Submitted to: Journal of Immunology
Publication Type: Peer reviewed journal
Publication Acceptance Date: 6/1/2004
Publication Date: 8/15/2004
Citation: Endsley, J.J., Furrer, J.L., Endsley, M.A., Mcintosh, M.A., Maue, A., Waters, W.R., Lee, D.R., Estes, M. 2004. Characterization of bovine homologue of granulysin and nk-lysin with broad spectrum antimicrobial activity. Journal of Immunology. 173(4):2607-14. Interpretive Summary: Despite highly successful eradication efforts in several countries, tuberculosis of cattle remains a serious health concern worldwide. In addition, recent outbreaks of tuberculosis in Michigan, California, Texas, and New Mexico demonstrate that the disease is far from eliminated from the United States. Improved techniques are needed for detection of infected cattle. To develop improved tests, it is beneficial to first understand the immune response to infection. In this study, a new method to evaluate a specific subset of the host response generated by cattle to infectious agents was developed. This method was then used to characterize the response by cattle to tuberculosis infection. Knowledge obtained from this study will assist in the development of new reagents and methods for the detection of tuberculosis of cattle.

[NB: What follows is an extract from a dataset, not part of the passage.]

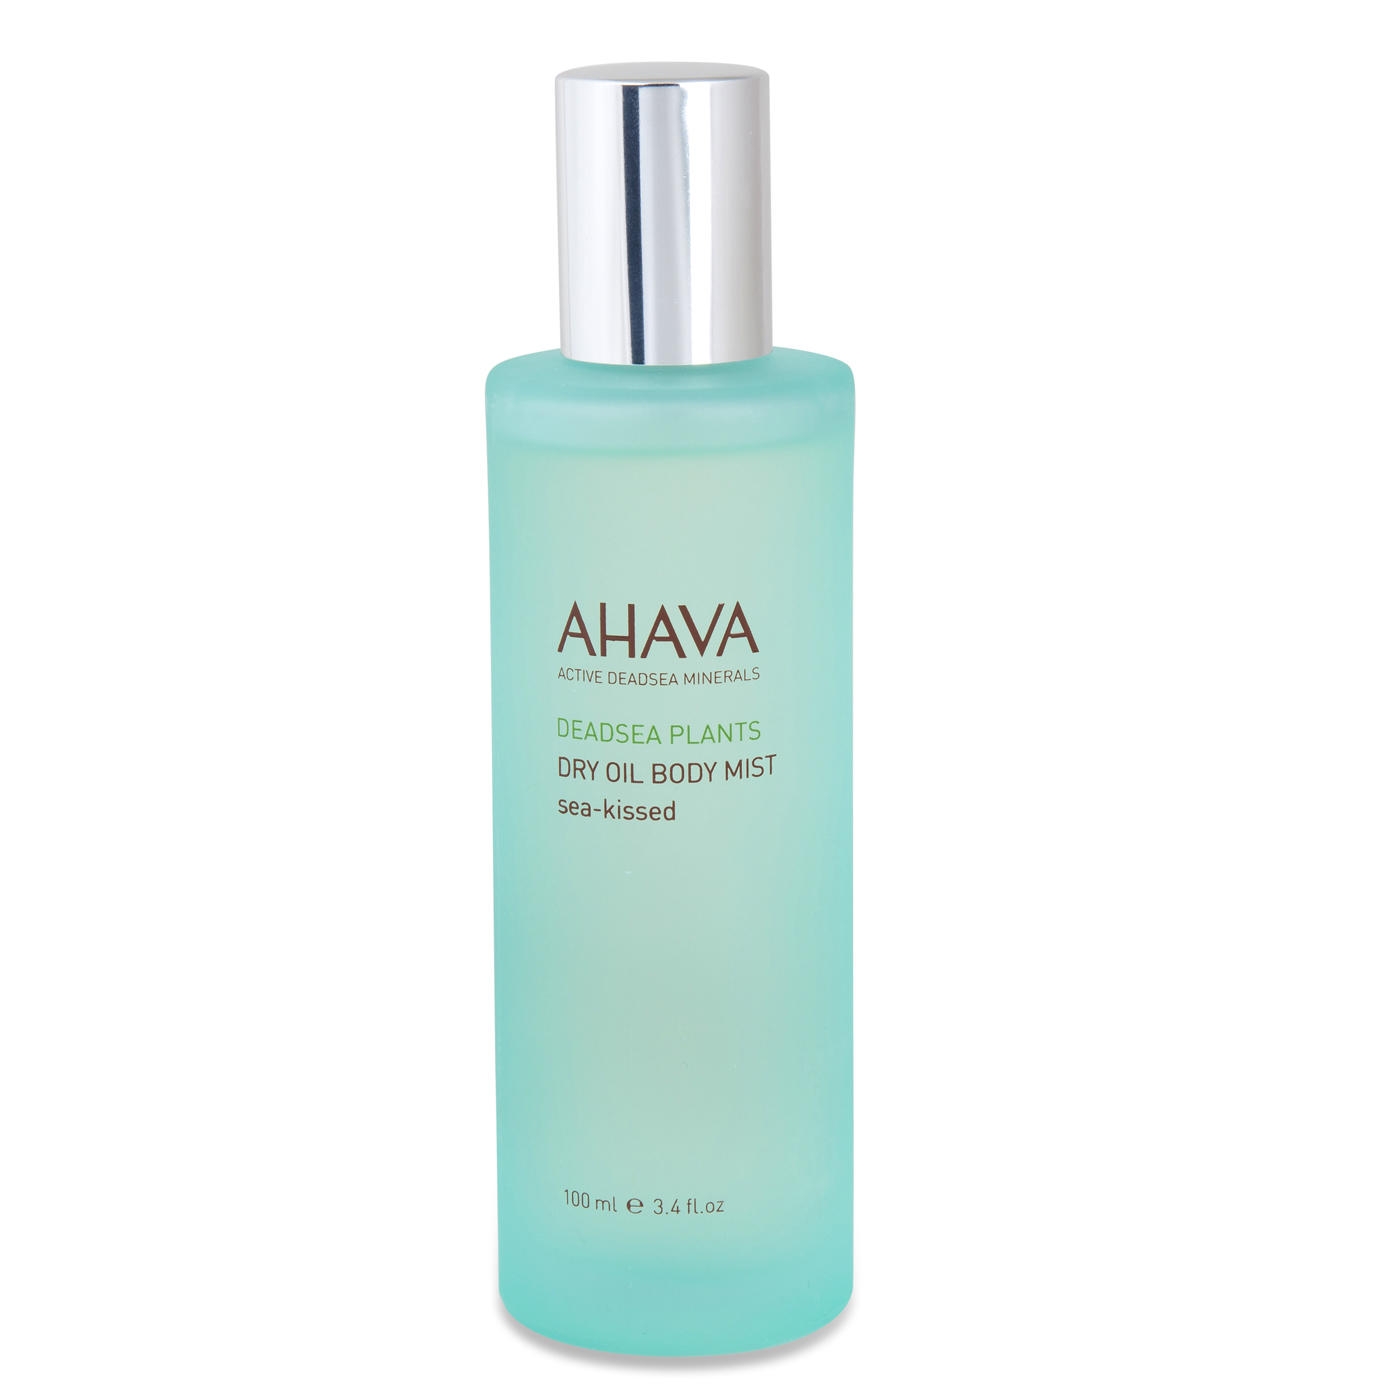 AHAVA Dry Oil Body Mist - Sea-Kissed - 1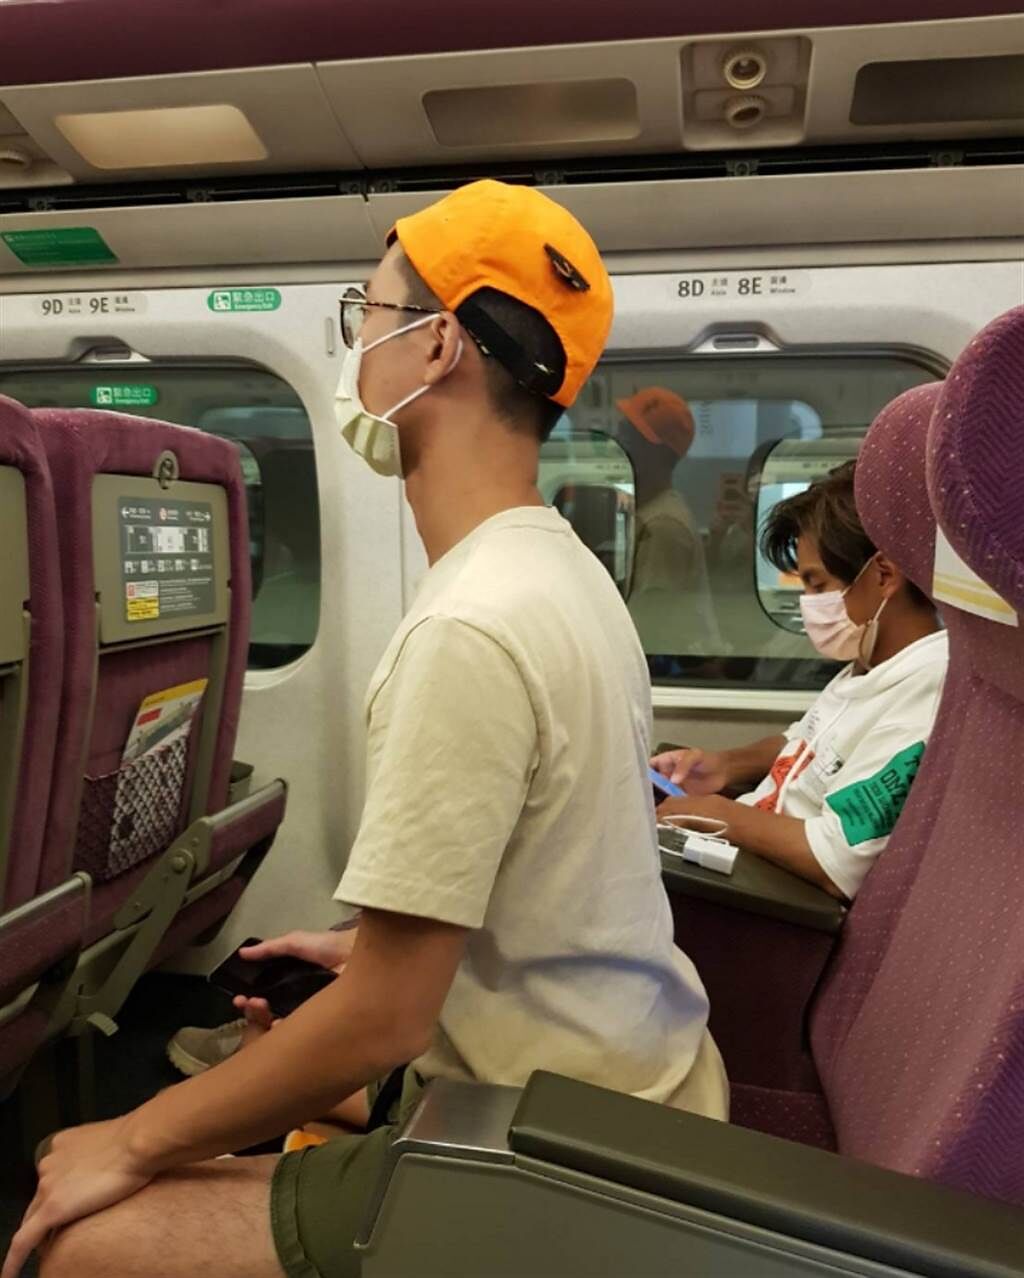 浩角翔起經紀人在臉書粉專貼出兩人搭高鐵坐一起的罕見畫面。(圖/ 摘自浩角翔起笑一個官方粉絲專頁臉書)

Technical Abstract: Granulysin and NK-lysin are cationic proteins found in granules of human and swine cytotoxic lymphocytes cabaple of disrupting microbial membrane integrity. A murine counterpart to granulysin has not been identified to date, indicating the importance of additional models to fully characterize the role of granulysin-like molecules in the immune response to infectious disease. Two partial nucleotide sequences corresponding to the complete functional domain of granulysin and NK-lysin were amplified from bovine peripheral blood mononuclear cell (PBMC) mRNA. Nucleotide identity is significant to granulysin and NK-lysin and predicted amino acid sequence indicates structural and lytic motifs in the core region of the granulysin-like molecules are likely conserved among species. Following stimulation with phorbol ester and calcium ionophore, expression of the bovine gene was detected in CD3+ T cells, CD4+ T cells, CD8+T cells, WC1+ gd T cells, and PBMC depleted of CD3+ T cells, but was absent in CD21+ cells and CD14+ cells. Synthetic human, bovine, and swine peptides corresponding to the carboxy terminus of helix 2 through helix 3 region of granulysin displayed potent antimicrobial activity against Escherichia coli, Salmonella enteritidis, Staphylococcus aureus, and Mycobacterium bovis BCG. Human and bovine peptides corresponding to helix 2 displayed antimycobacterial activity against Mycobacterium bovis BCG only, while the corresponding swine peptide was not active. Expression of the bovine gene was detected in laser microscopy dissected lymph node lesions from Mycobacterium bovis infected animals. The identification of a biologically active bovine homologue to granulysin demonstrates the application of the bovine model in characterizing the role of granulysin in the immune response to a variety of infectious agents.